Governments turn to the UN Environment Programme (UNEP) for guidance and solutions, and for support in building their capacity. UNEP helps countries integrate environmental sustainability into development and investment planning. Thanks to UNEP-support, many countries have stronger environmental institutions, better legal instruments, enhanced technical capacity, greater knowledge, greener investments and better cross-border collaboration.
By bringing people from governments, civil society, academia and the private sector together, UNEP encourages discussions and enable the sharing of ideas, technology, innovations and lessons learned.
Being a key partner of major environmental funds such as the Green Climate Fund (GCF), the Global Environment Facility (GEF), the Adaptation Fund, and the Multilateral Fund (Montreal Protocol) UNEP enables countries to access financing and programming through them and other bilateral or multilateral public sources.
UNEP is also appreciated for the free access to environmental information, for providing tools such as integrated environmental assessments, for enabling South-South and triangular cooperation, and for education and awareness-raising campaigns.

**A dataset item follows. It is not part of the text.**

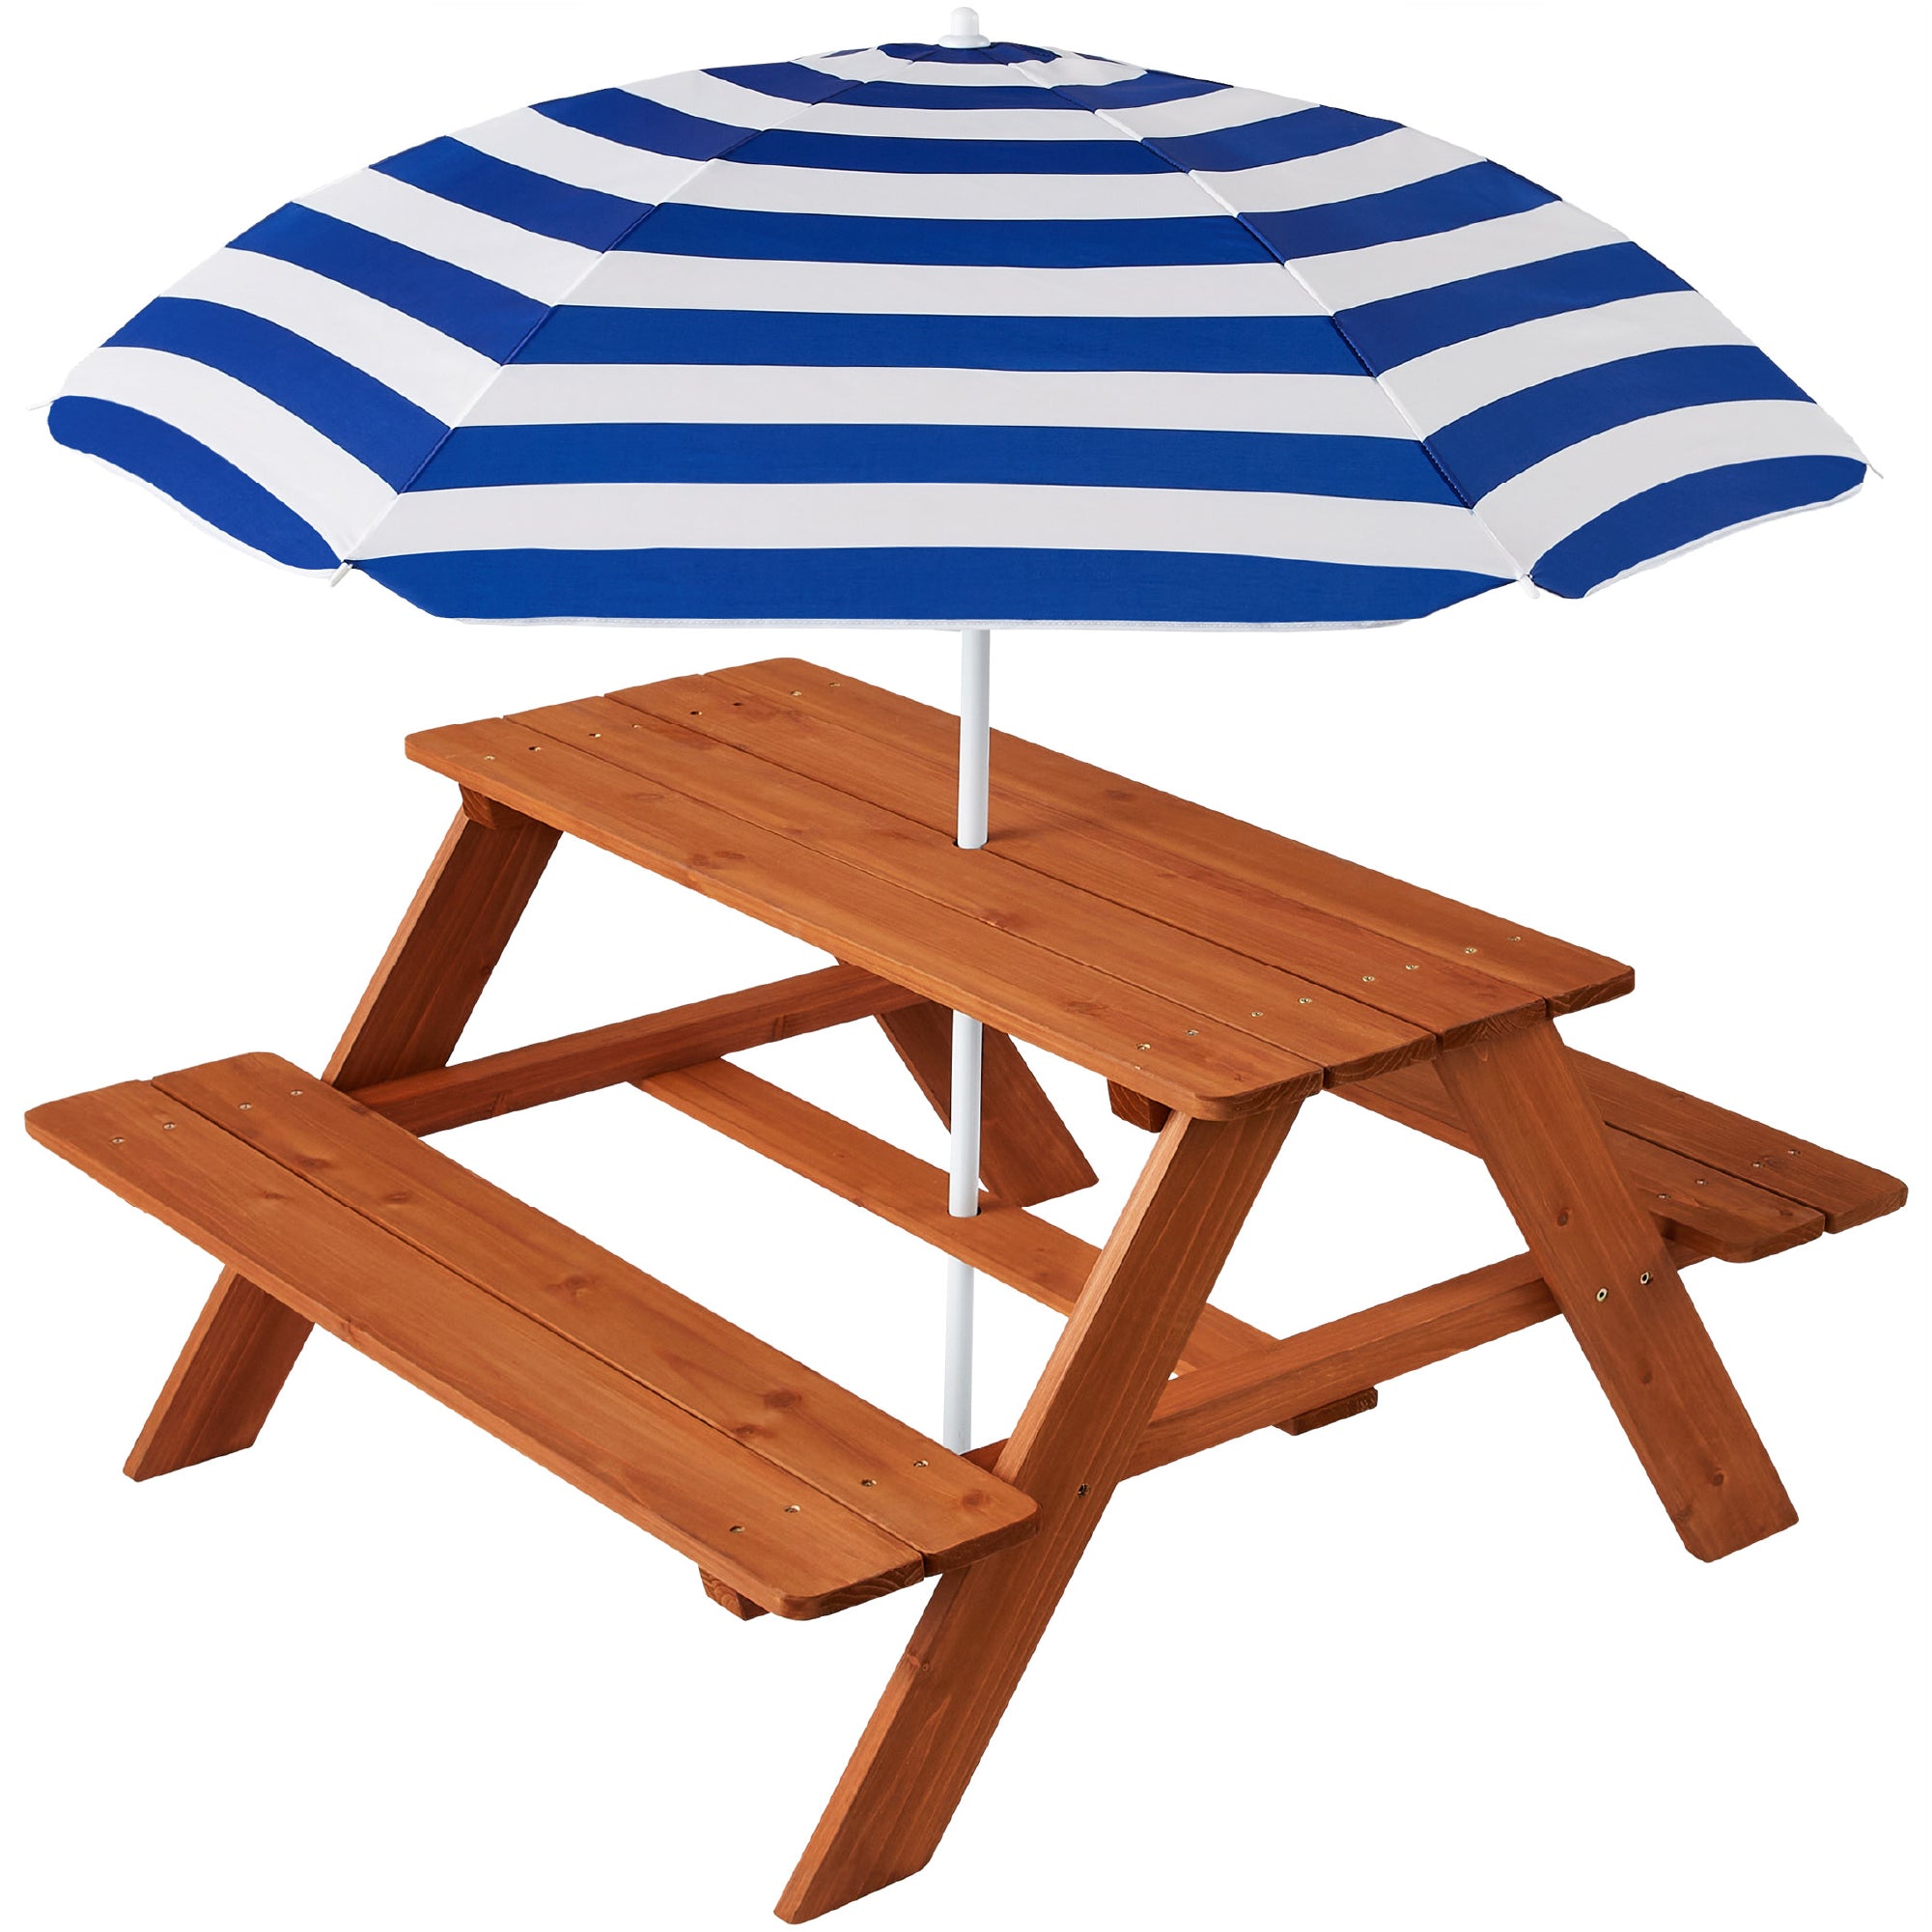 Kids Wooden Outdoor Picnic Table w/ Adjustable Umbrella, Built-In
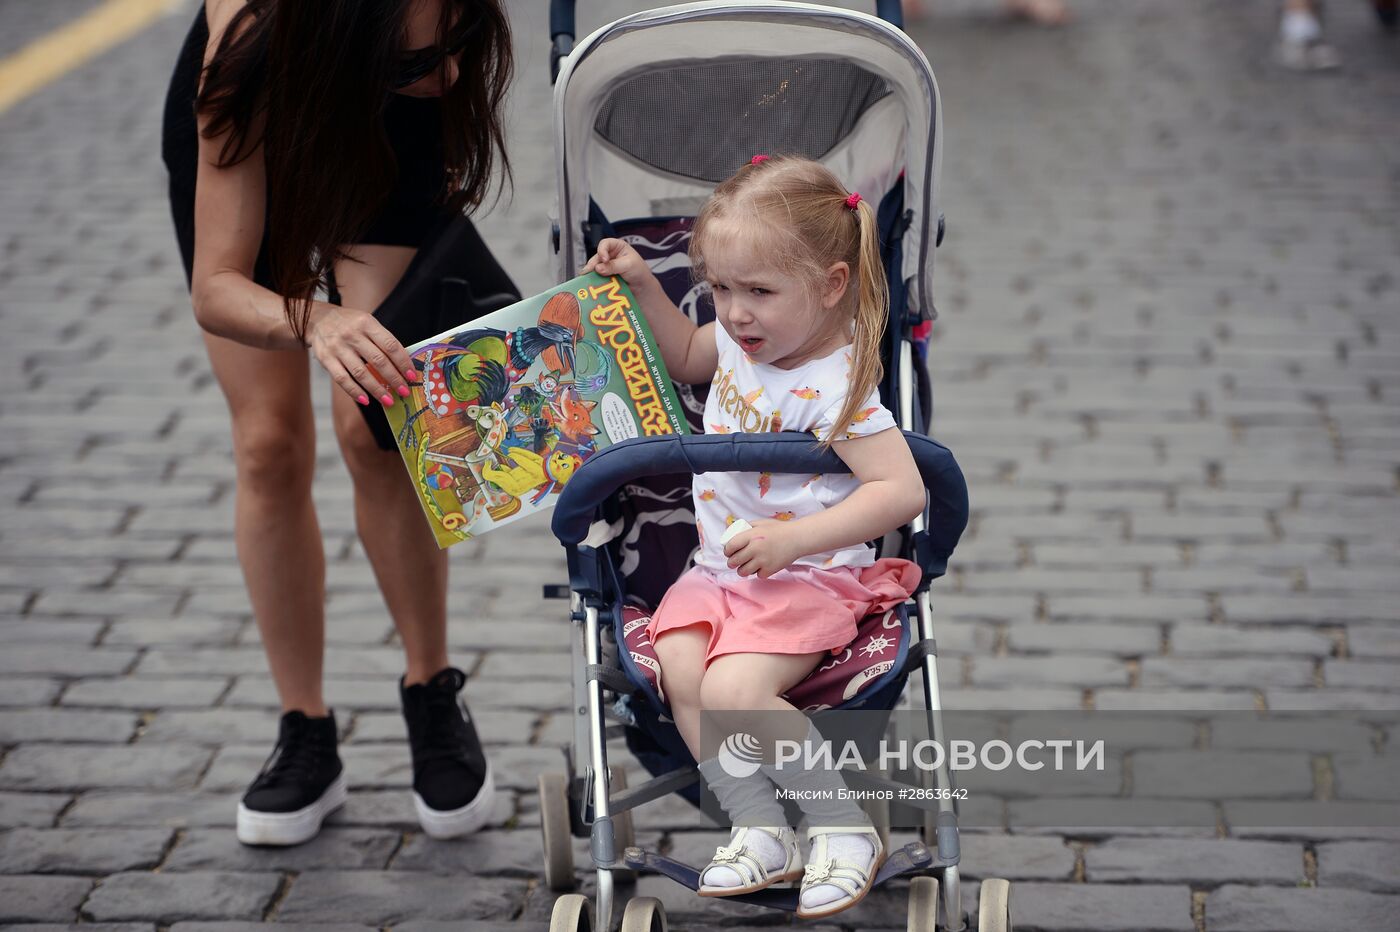 Книжный фестиваль "Красная площадь". День второй

UNEP is engaged in numerous partnerships and initiatives with wide scope, including the Partnership for Action on Green Economy (PAGE), the Finance Initiative, the Global Peatlands Initiative, the Cool Coalition, the Poverty-Environment Initiative and subsequent Poverty-Environment Action, the UN Collaborative Programme on Reducing Emissions from Deforestation and Forest Degradation in Developing Countries (UN-REDD), the Climate Technology Centre and Network, and the Global Partnership on Forest and Landscape Restoration.
One of UNEP's major achievements since its creation in 1972 has been the initiation, negotiation and implementation of a large number of multilateral environmental agreements, bringing together nations and the environmental community to tackle the challenges of our time. These global environmental agreements complement and guide national legislation and bilateral or regional agreements by forming the overarching international legal basis for global efforts to address particular environmental issues.
UNEP provides the secretariat for 15 multilateral environmental agreements. These conventions concern a wide range of environmental issues such as emissions, hazards of chemicals, protection of biodiversity, protection of endangered and migratory species, protection of oceans, protection of the ozone layer, and more. They enable countries to put in place sound and effective environmental policies and legislation. In addition, we provide programmatic support to several other conventions.